Kevin Buzzard (Oct 17 2018 at 17:11):

Computer scientists like writing their proofs backwards because then they don't get extra hypotheses cluttering up the context ("things that used to be the goal" are not remembered, whereas old hypotheses are)

Kevin Buzzard (Oct 17 2018 at 17:11):

have Z2 : (n * m + n + m) + 1 = (n + 1) * (m + 1),
    by simp[add_mul,mul_add,mul_one,one_mul,add_assoc],

I would just put by ring because why not.

Johan Commelin (Oct 17 2018 at 17:11):

@Neil Strickland In the post by Kevin (above this one) you can see that x and n can be determined from xR. So you can make them implicit, by wrapping them in {} instead of ().

Kevin Buzzard (Oct 17 2018 at 17:25):

The reason it's not dealt with automatically by simp is I believe that Leo removed add_mul and mul_add from the list of simp rules because of some CS reasons.

Kevin Buzzard (Oct 17 2018 at 17:31):

Do you ever use nilpotent_mul_rightand npz_mul_right ?

Mario Carneiro (Oct 17 2018 at 18:44):

because of some CS reasons

aka exponential blowup

Kevin Buzzard (Oct 17 2018 at 18:45):

Like I said

Mario Carneiro (Oct 17 2018 at 18:49):

There are mechanisms that allow Lean to obtain a commutative ring structure automatically from a field structure where necessary, but the resulting commutative ring structure is anonymous. It has been found convenient to include the line

instance : comm_ring ℚ := by apply_instance

in data/rat.lean, which allows us to use the notation rat.comm_ring to refer to the standard commutative ring structure on $\mathbb{Q}$.

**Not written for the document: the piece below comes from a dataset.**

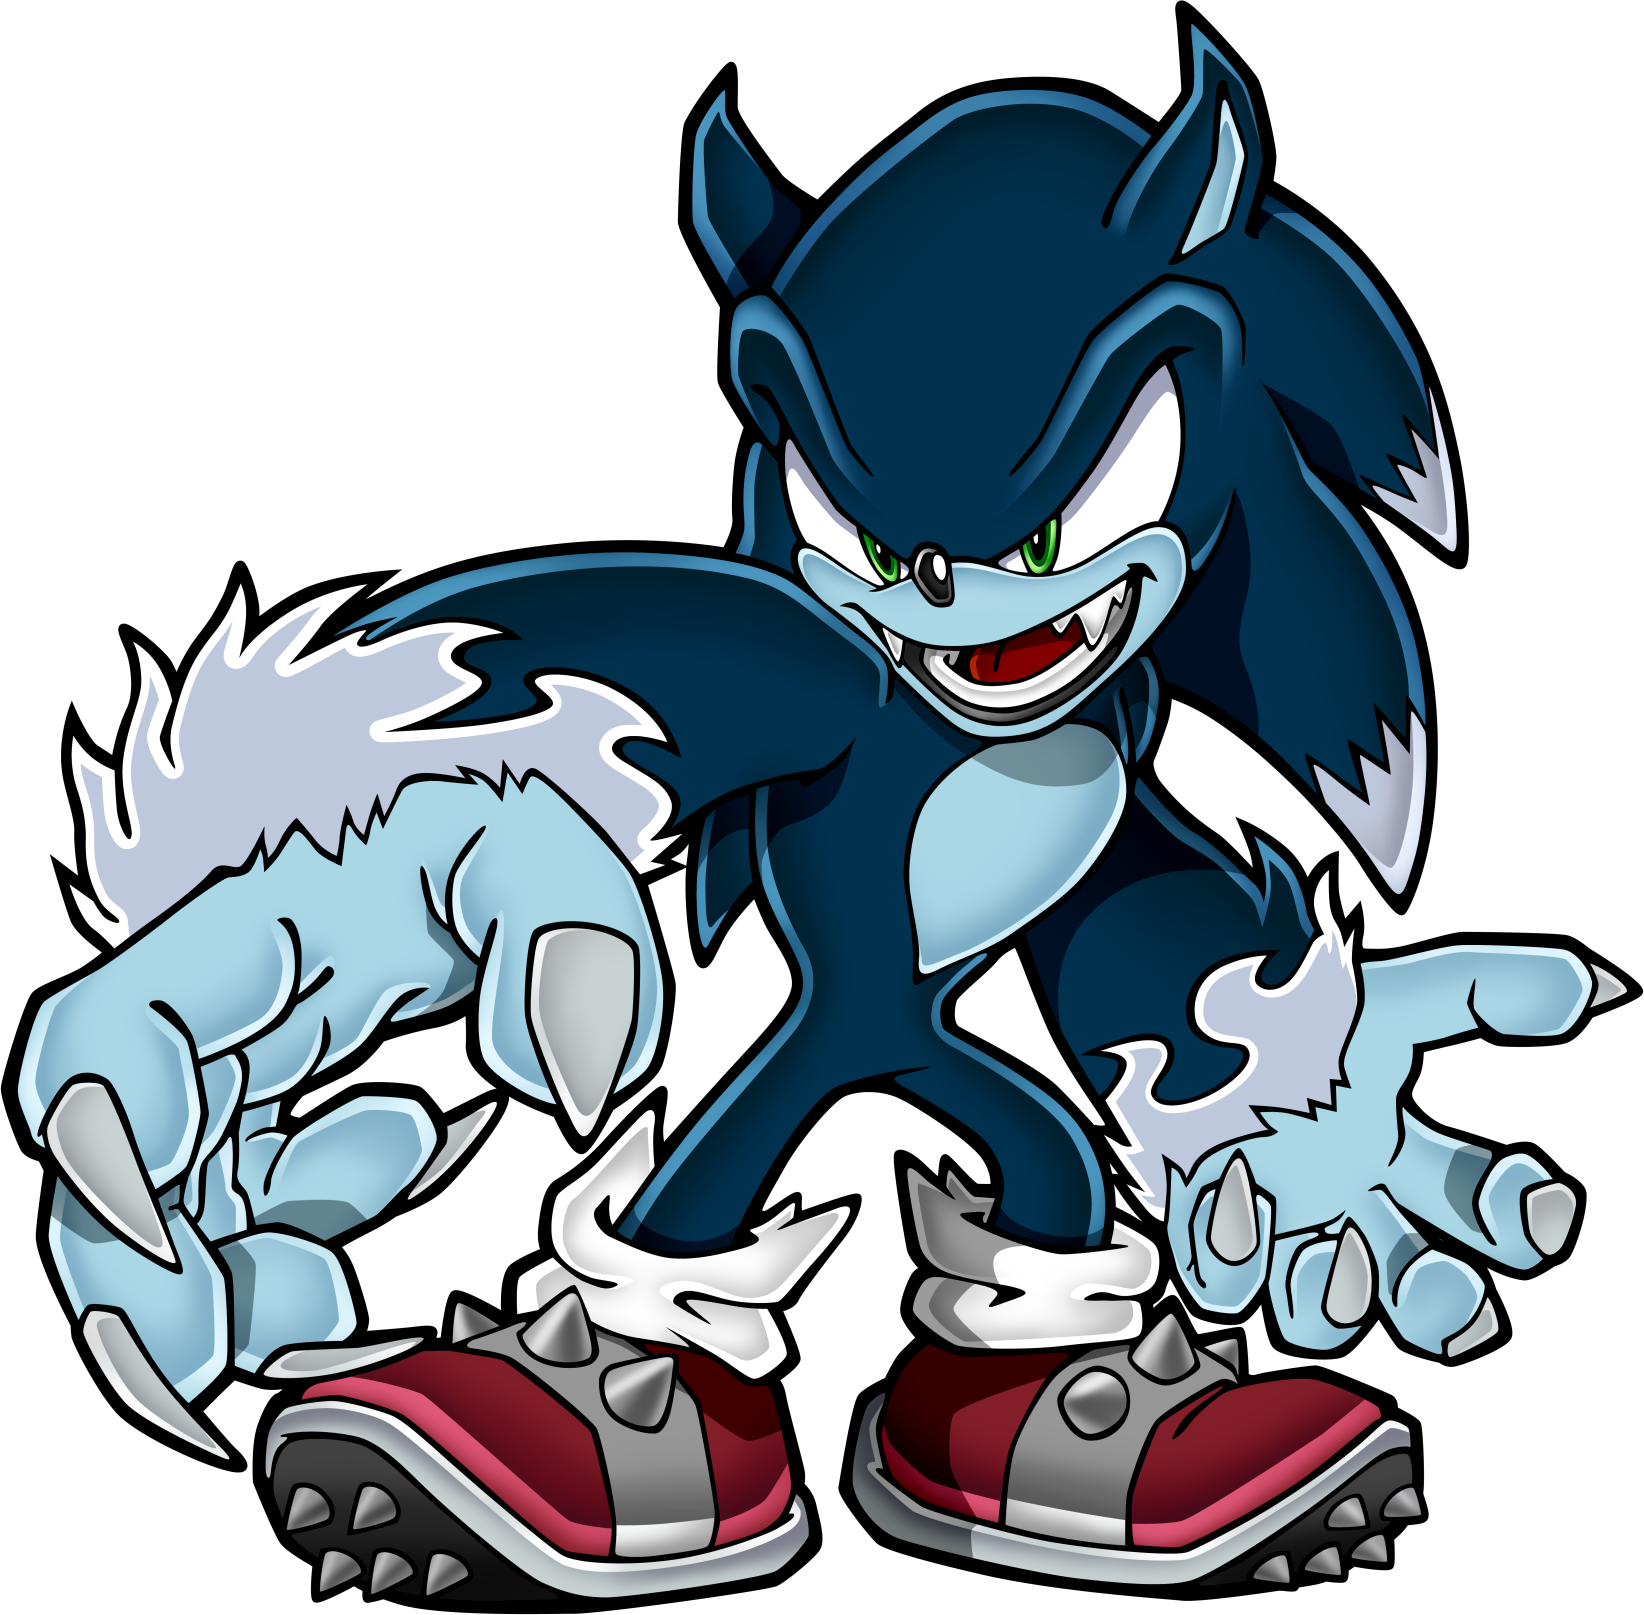 http://vignette1.wikia.nocookie.net/sonic/images/1/1a/Sonic_Art_Assets_DVD_-_Werehog_-_1.png/revision/latest?cb=20101018235154

Actually this is just to make it faster for lean to discover that Q has a comm_ring instance. Not sure if you want to mention that though.

Mario Carneiro (Oct 17 2018 at 18:52):

There is no obvious way to supply an alternative name; Lean rejects variable [R : comm_ring α], for reasons that are not clear to me.

Johan already mentioned this a bit, but unnamed instance variables are automatically included whenever the variable they reference is included, while a named variable is only included if it is used directly. So if you want to name an instance variable you have to put include R so it gets included even when it is not referenced.

Mario Carneiro (Oct 17 2018 at 19:01):

We are given a proof (denoted n_le_m) that $n\leq m$. We now apply the theorem nat.succ_le_succ to convert it to a proof that $n+1\leq m+1$. Note that the conclusion of nat.succ_le_succ is actually that succ n ≤ succ m, where succ is the successor function as in Peano arithmetic. One needs to unwind the definitions of $1$ and $+$ to see that n + 1 is the same as succ n. It is not clear to me under what circumstances this unwinding happens automatically, but it seems to work here.

Unfolding of definitions like this happens, quite aggressively, when lean expects something of type T and you give it something of type T', and it tries to figure out why T and T' are the same (definitionally equal). Most tactics, on the other hand, are sensitive to the exact way you write an expression, so for example rw would not work on a term of type next_pow_zero even though it is an equality after some unfolding. You can also obtain the result of line 18 in a more automatic way by using unfold next_pow_zero at xR.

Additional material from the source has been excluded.